I am also rounding up the size of the requested shared memory to 4096 bytes.
#include <iostream>
#include <sys/types.h> /* pid_t */
#include <sys/wait.h>
#include <unistd.h> /* _exit, fork */
#include <stdlib.h> /* exit */
#include <errno.h> /* errno */
#include <time.h> /* time */
#include <sys/mman.h>
#include <vector>
#include <map>
#include <string.h>
#include <sys/ipc.h>
#include <sys/shm.h>
#define page_size 4096
#define def_size 32
void write_shmem (long *shm_ptr, long npt)
{
for (long pt = 0; pt < npt ; ++pt)
{
shm_ptr[pt] = 77;
//std::cout << "shm_ptr[" << pt << "] = " << shm_ptr[pt] << "\n";
}
}
long read_shmem (long *shm_ptr, long npt)
{
long bad_indx = -1;
for (long pt = 0; pt < npt ; ++pt)
{
if (shm_ptr[pt] != 77)
{
bad_indx = pt;
break;
}
}
return bad_indx;
}
int main ()
{
void * add;
long *shm_arcs;
long padding = 0;
long init_shmem_size = sizeof (long) *def_size;
long resid = init_shmem_size % page_size;
if (resid!=0) padding = page_size - (init_shmem_size % page_size);
//std::cout << " requested " << init_shmem_size << " bytes, translated to " << padding+init_shmem_size << "\n";
init_shmem_size +=padding;
add = mmap(NULL, init_shmem_size, PROT_READ | PROT_WRITE, MAP_SHARED | MAP_ANONYMOUS, -1, 0); // initial size is set to npt.
if (add == MAP_FAILED)
{
std::cout << "Mapped failed at parent \n";
exit(-1);
}
shm_arcs = (long *) add;
write_shmem (shm_arcs, def_size);
long bd = read_shmem (shm_arcs, def_size);
if (bd!=-1)
{
std::cout << "Shmem test failed at " << bd << "\n";
exit(-1);
}
std::cout<<"Parent: shared memory is created and verified at address " << shm_arcs <<" data size: " << init_shmem_size << ".\n ";
long *shm_new = shm_arcs;
long nsize = def_size;
for (int i = 0; i< 1000; i ++)
{
nsize += def_size;
long bsize = nsize*sizeof(long);
if ((bsize % page_size)!=0) padding = page_size - (bsize % page_size);
else padding = 0;
//std::cout << nsize << " elements requested " << bsize << " bytes, translated to " << padding+bsize << "\n";
bsize+=padding;
add = mremap(shm_new, init_shmem_size, bsize , MREMAP_MAYMOVE);
if (add != shm_new)
{
std::cout << "Old mem unmapped ---------------";
munmap(shm_new, init_shmem_size);
}
if (add == MAP_FAILED)
{
std::cout << "Mapped failed at parent at " << i << "\n";
exit(-1);
}
shm_new = (long *) add;
write_shmem (shm_new, nsize);
long bd = read_shmem (shm_arcs, nsize);
if (bd!=-1)
{
std::cout << "Shmem test failed at " << bd << "\n";
exit(-1);
}
std::cout<< i << " - Parent: shared memory is created and verified at address " << shm_new <<" with " << nsize << " elements, data size : " << bsize << ".\n ";
init_shmem_size = bsize;
}
return 0;
}
This is the output of the code:
Parent: shared memory is created and verified at address 0x7f00ae91b000 data size: 4096.

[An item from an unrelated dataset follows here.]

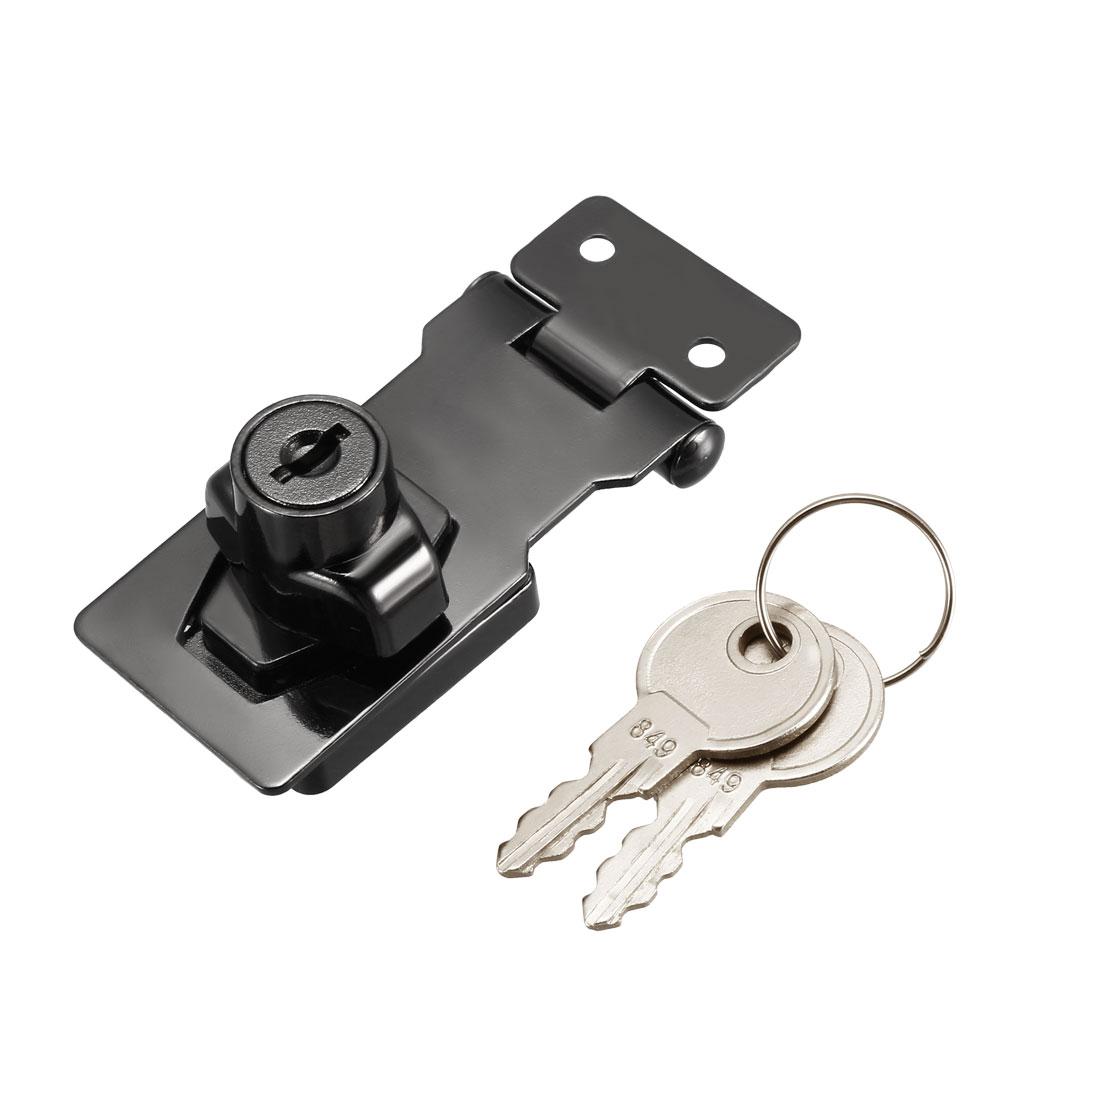 Keyed Hasp Lock 81mm Twist Knob Keyed Locking Hasp Bright Black

0 - Parent: shared memory is created and verified at address 0x7f00ae91b000 with 64 elements, data size : 4096.
1 - Parent: shared memory is created and verified at address 0x7f00ae91b000 with 96 elements, data size : 4096.
2 - Parent: shared memory is created and verified at address 0x7f00ae91b000 with 128 elements, data size : 4096.

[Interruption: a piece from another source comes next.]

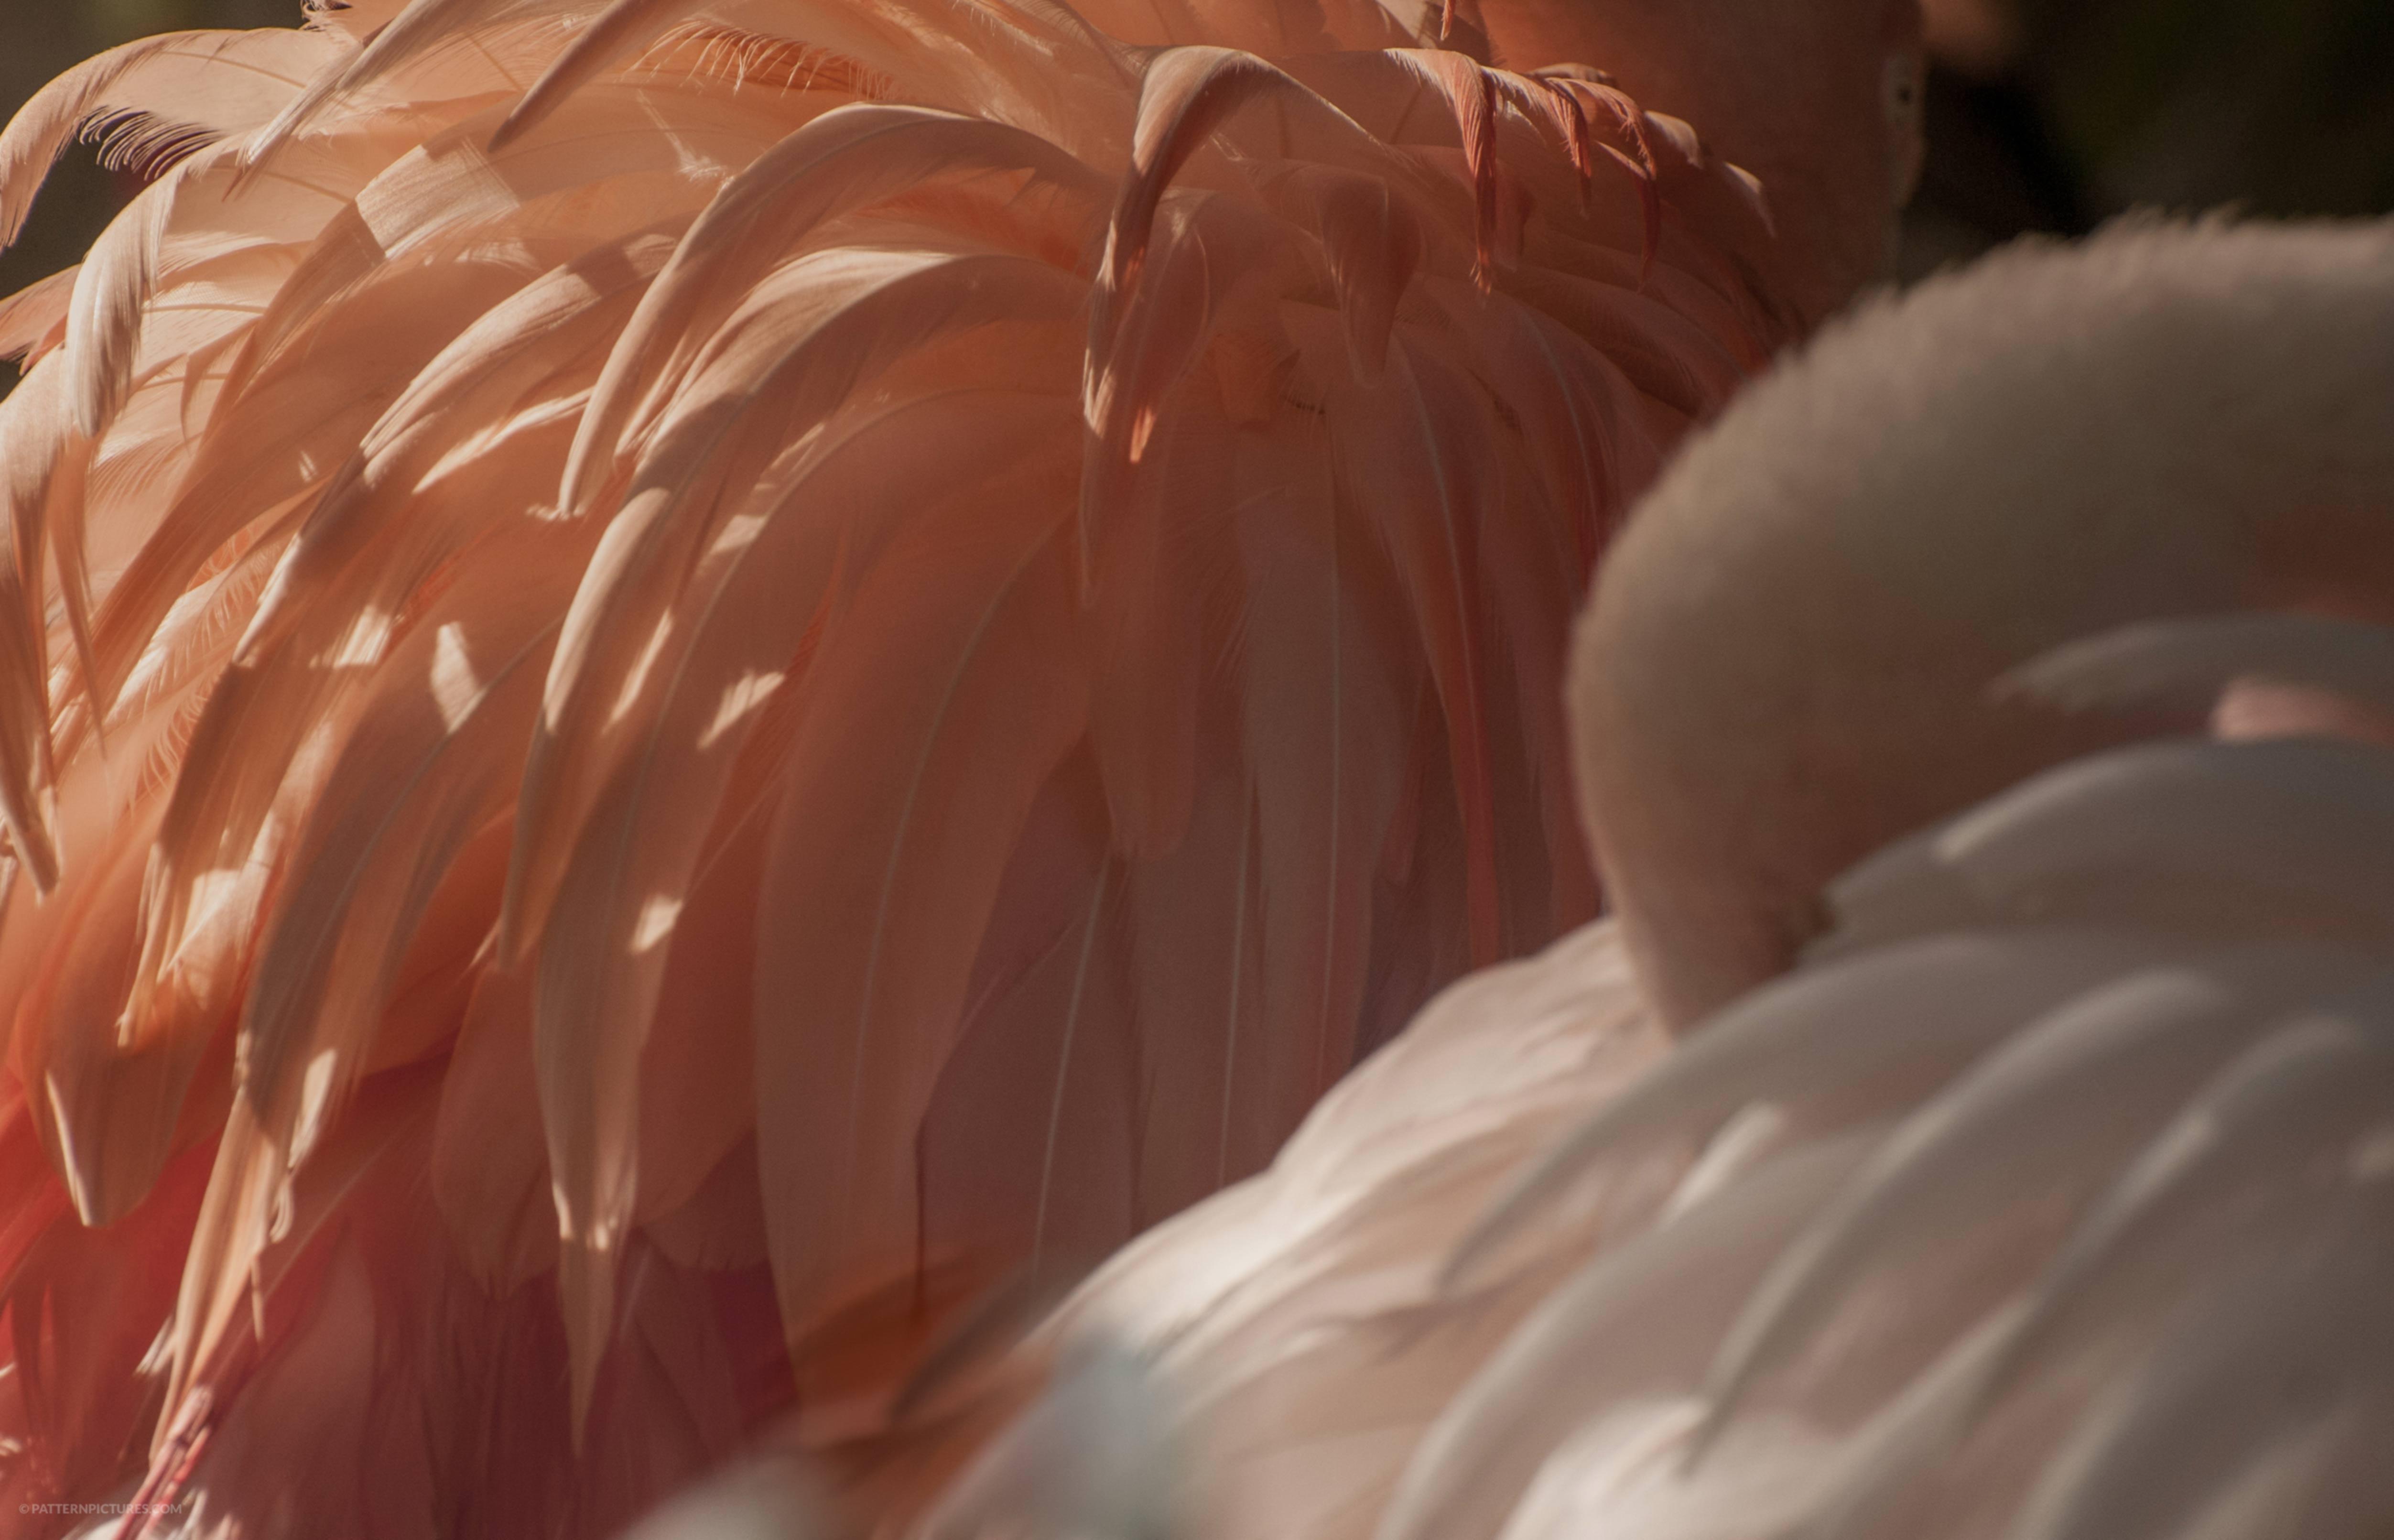 Flamingo hiding

3 - Parent: shared memory is created and verified at address 0x7f00ae91b000 with 160 elements, data size : 4096.
4 - Parent: shared memory is created and verified at address 0x7f00ae91b000 with 192 elements, data size : 4096.
5 - Parent: shared memory is created and verified at address 0x7f00ae91b000 with 224 elements, data size : 4096.

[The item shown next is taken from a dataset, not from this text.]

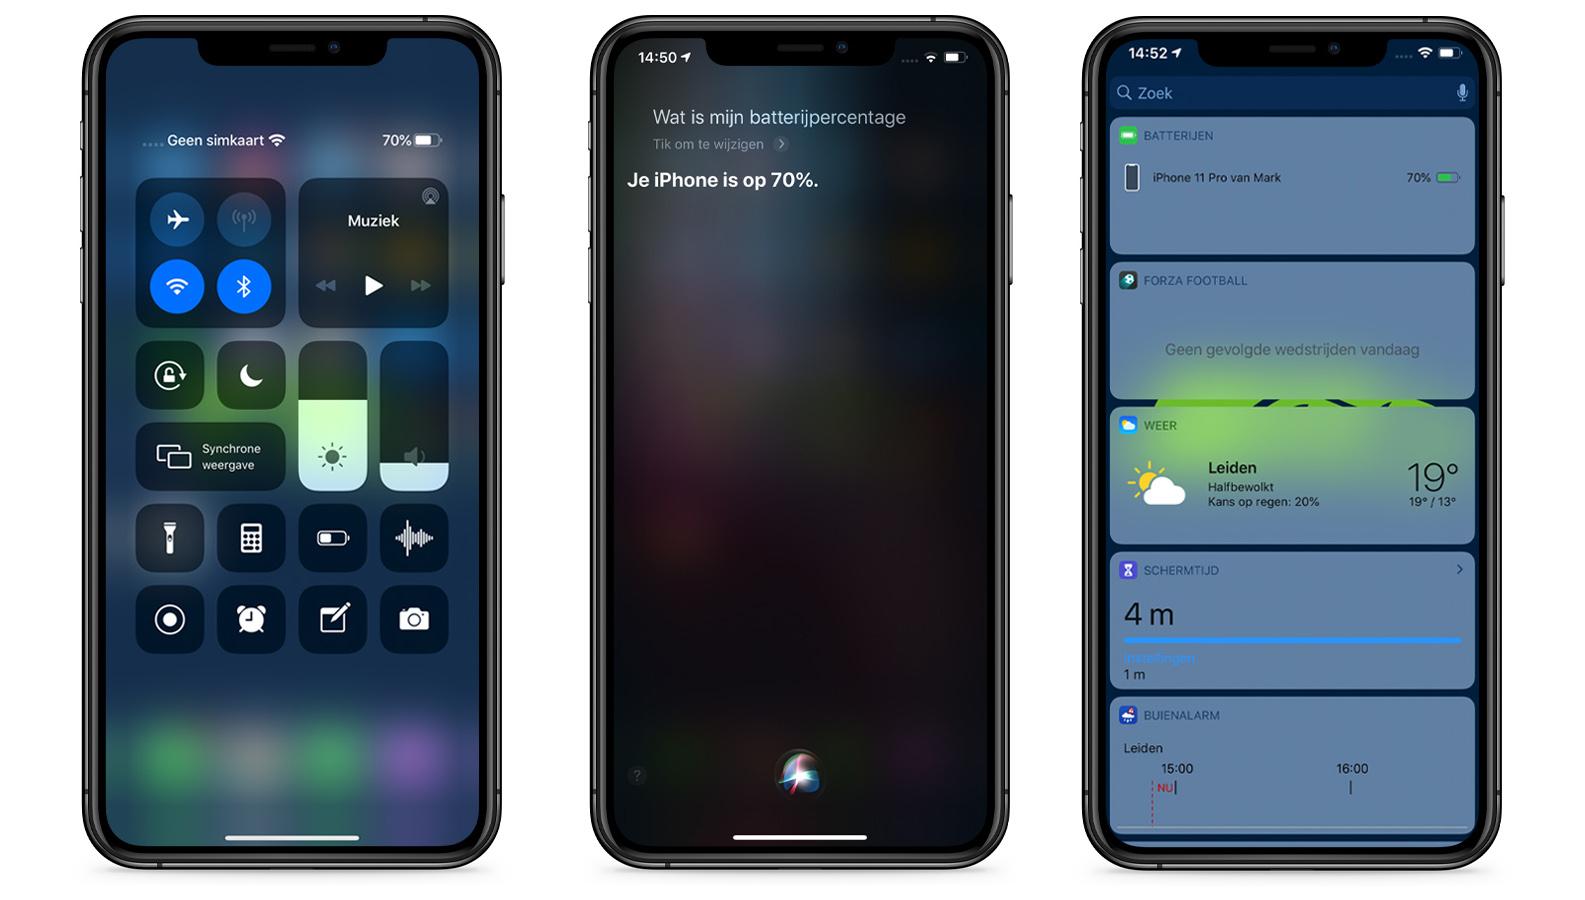 iPhone 11 batterijpercentage percentage batterij
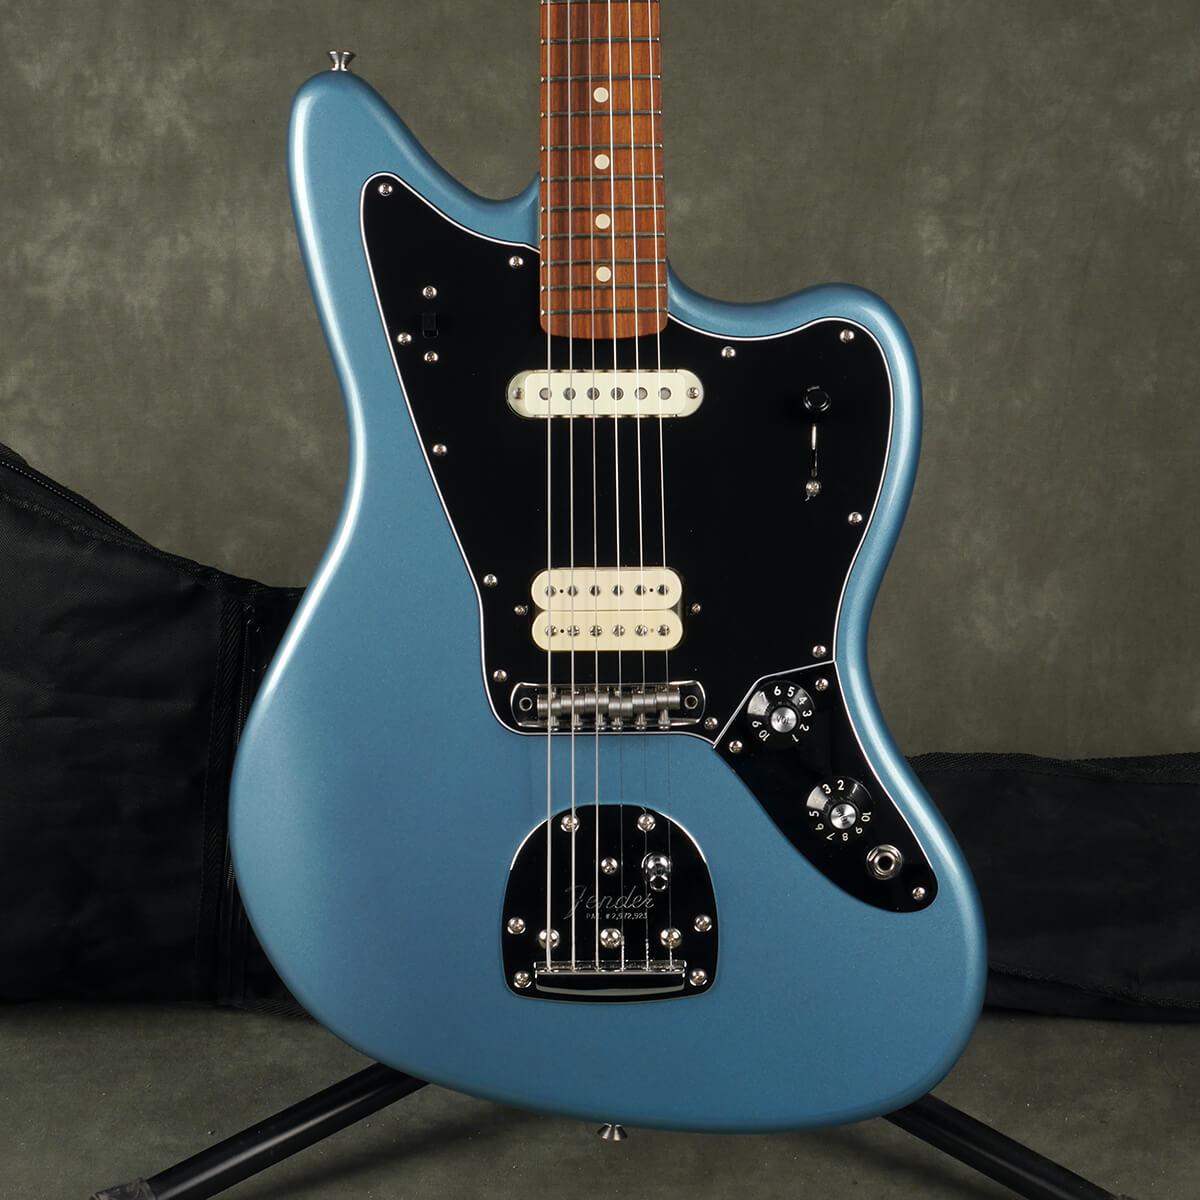 Fender Player Series Jaguar - Tidepool w/Gig Bag - 2nd Hand

6 - Parent: shared memory is created and verified at address 0x7f00ae91b000 with 256 elements, data size : 4096.
7 - Parent: shared memory is created and verified at address 0x7f00ae91b000 with 288 elements, data size : 4096.
8 - Parent: shared memory is created and verified at address 0x7f00ae91b000 with 320 elements, data size : 4096.
9 - Parent: shared memory is created and verified at address 0x7f00ae91b000 with 352 elements, data size : 4096.
10 - Parent: shared memory is created and verified at address 0x7f00ae91b000 with 384 elements, data size : 4096.
11 - Parent: shared memory is created and verified at address 0x7f00ae91b000 with 416 elements, data size : 4096.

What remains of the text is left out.